# Throttle Body Replacement



## MJMALLEO (Jan 5, 2007)

I finally got my OEM replacement for my 2005 and the only thing in the box, was the TB. My question is, does this part require a gasket of some sort or is it a simple snug swap?


----------



## svede1212 (Nov 1, 2005)

It needs a gasket or O ring whatever it has. Can you reuse the old one?


----------



## MJMALLEO (Jan 5, 2007)

svede1212 said:


> It needs a gasket or O ring whatever it has. Can you reuse the old one?

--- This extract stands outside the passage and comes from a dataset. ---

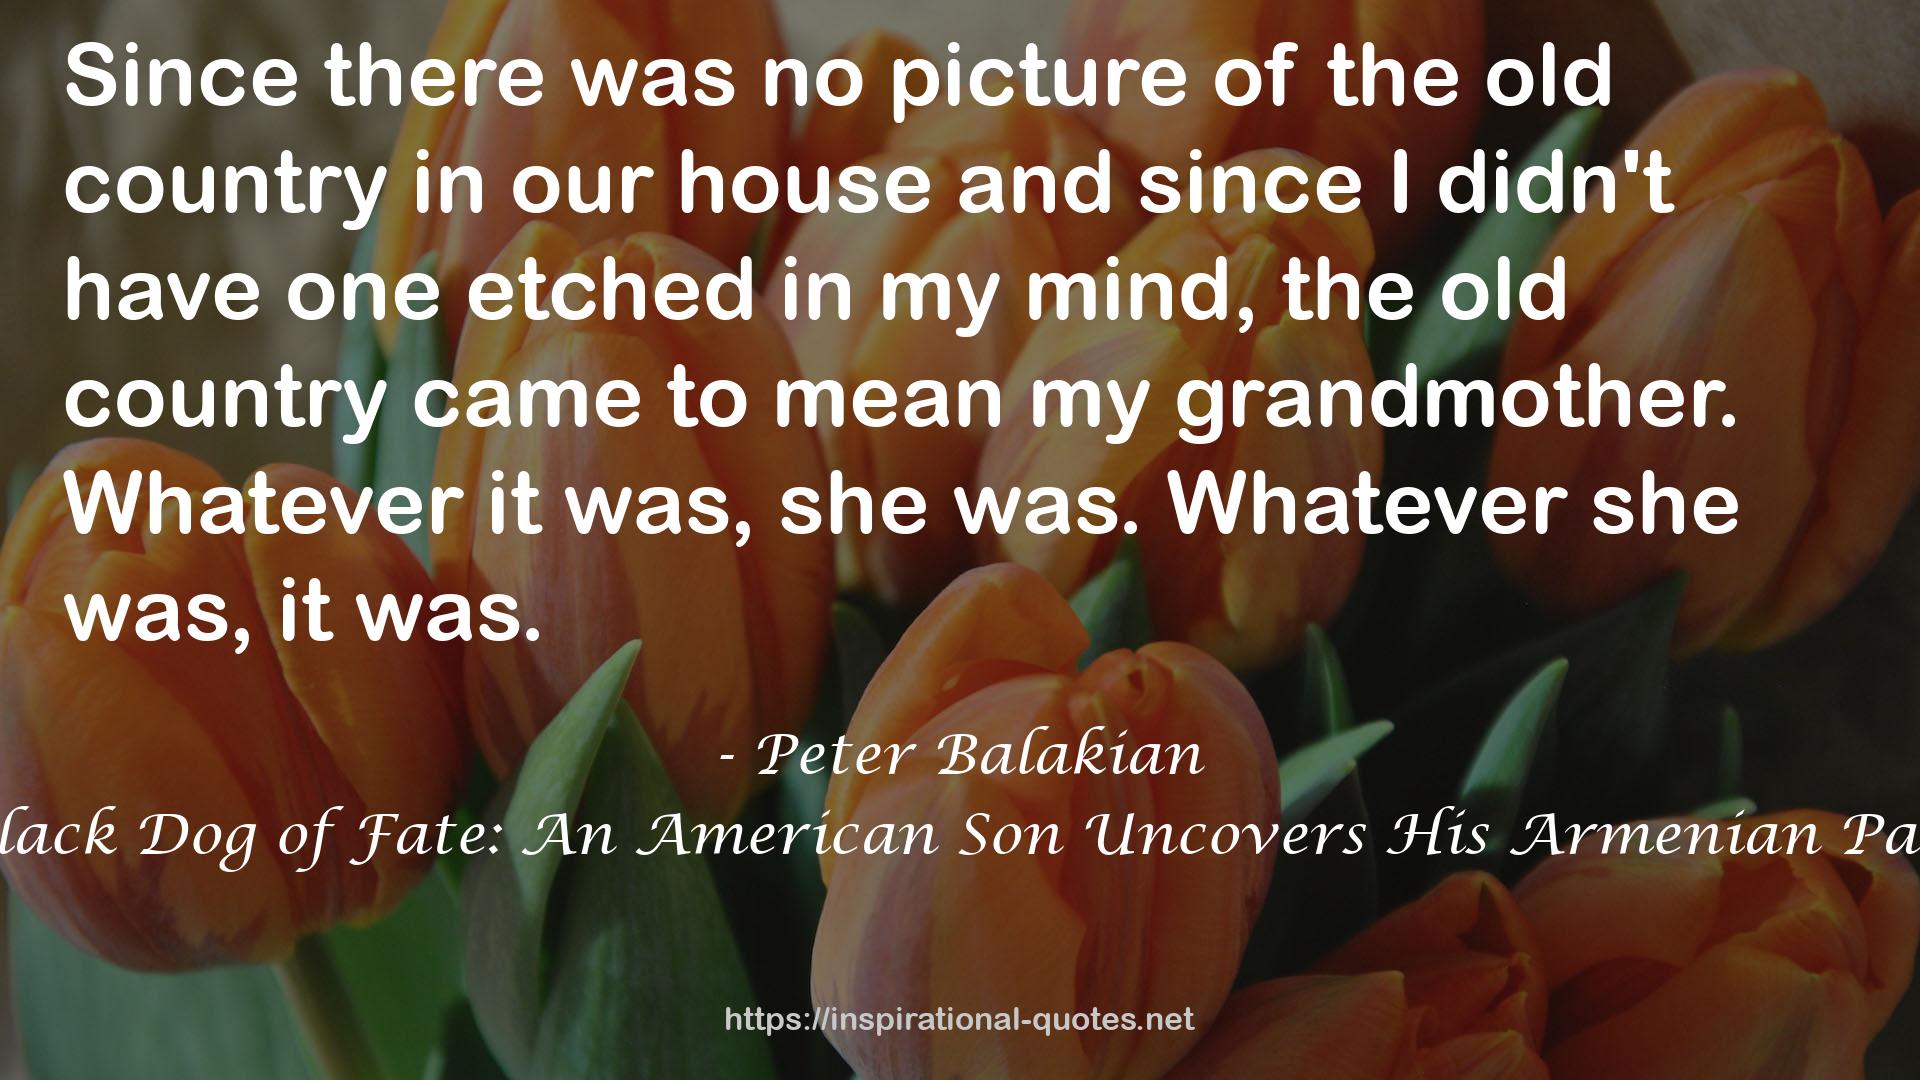 Black Dog of Fate: An American Son Uncovers His Armenian Past QUOTES
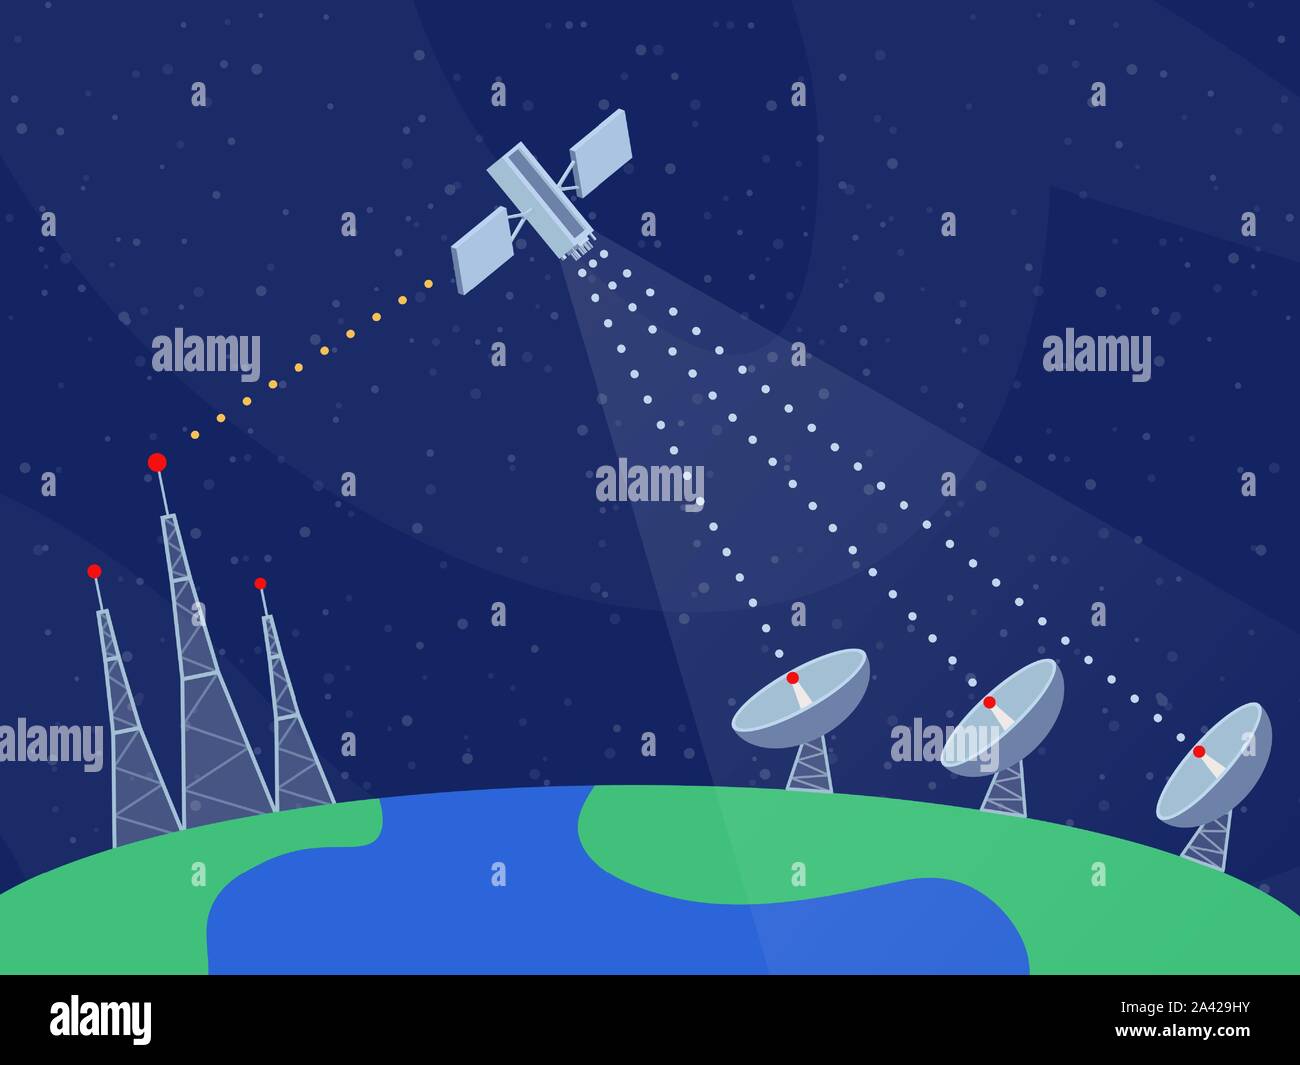 Modern communication technology flat vector illustration. Global information network, worldwide navigation system cartoon concept. Broadcasting equipment, satellite, radar dishes and radio towers Stock Vector

I am going to be taking it off in about 2 hours.. When I do I will let ya know..If the current one is worn or dry and cracking Ill replace it. Hopefully being what it is there's not too much wear and tear on it.


----------



## svede1212 (Nov 1, 2005)

My stock LS6 manifold and my 102 FAST with Nick Williams TB both had O rings so I believe you'll find that too.


----------



## HP11 (Apr 11, 2009)

The service manual suggests discarding the old gasket. The part number is 12576549 if you end up needing one.


----------



## MJMALLEO (Jan 5, 2007)

Thank you all for comments... Just reiterating, yes it does come with an O Ring, and mine was Green. I did not have one and with what I believe was quite decent analyzing came to the conclusion that the one on there, though I will replace at a time, did look like it was intact without and dry cracking and fit the gap nicely, so I did reuse. This all started with the error code (i forget) but more or less said the throttle position senor was getting less voltage, or not enough. So I took it to Pontiac dealer and he said it was the throttle body and or cable.. But I told him that from some investigating online others had said it was the throttle pedal. He insisted it was the throttle body and or cable, but said it'd be cheaper to replace the cable.. I said "ok". He said if it still happens then it is the TB. Anyway, after like paying him 300 for that (yes i know) I got my car back and sure enough check engine light, reduced performance mode.. So I call him and he "secretly" tells me the part number of the throttle body OEM because he will charge 800 to get and install. Long story short I got an OEM for 304.00 and just installed it. So far, no engine light and it runs perfectly fine. Lets hope this did it. If not, the only thing left is the pedal.


----------



## svede1212 (Nov 1, 2005)

The factory says to use all gaskets only once but you can reuse about all of them many times with the exception of head gaskets. I (and many others) have reused timing cover, TB and intake manifold "O rings" even exhaust manifold MLS gaskets. If yours works well there is absolutely no reason at all to replace it "just cause". If you have any sealing issues it will be right away. They are nothing like the cork gaskets of the old days.


----------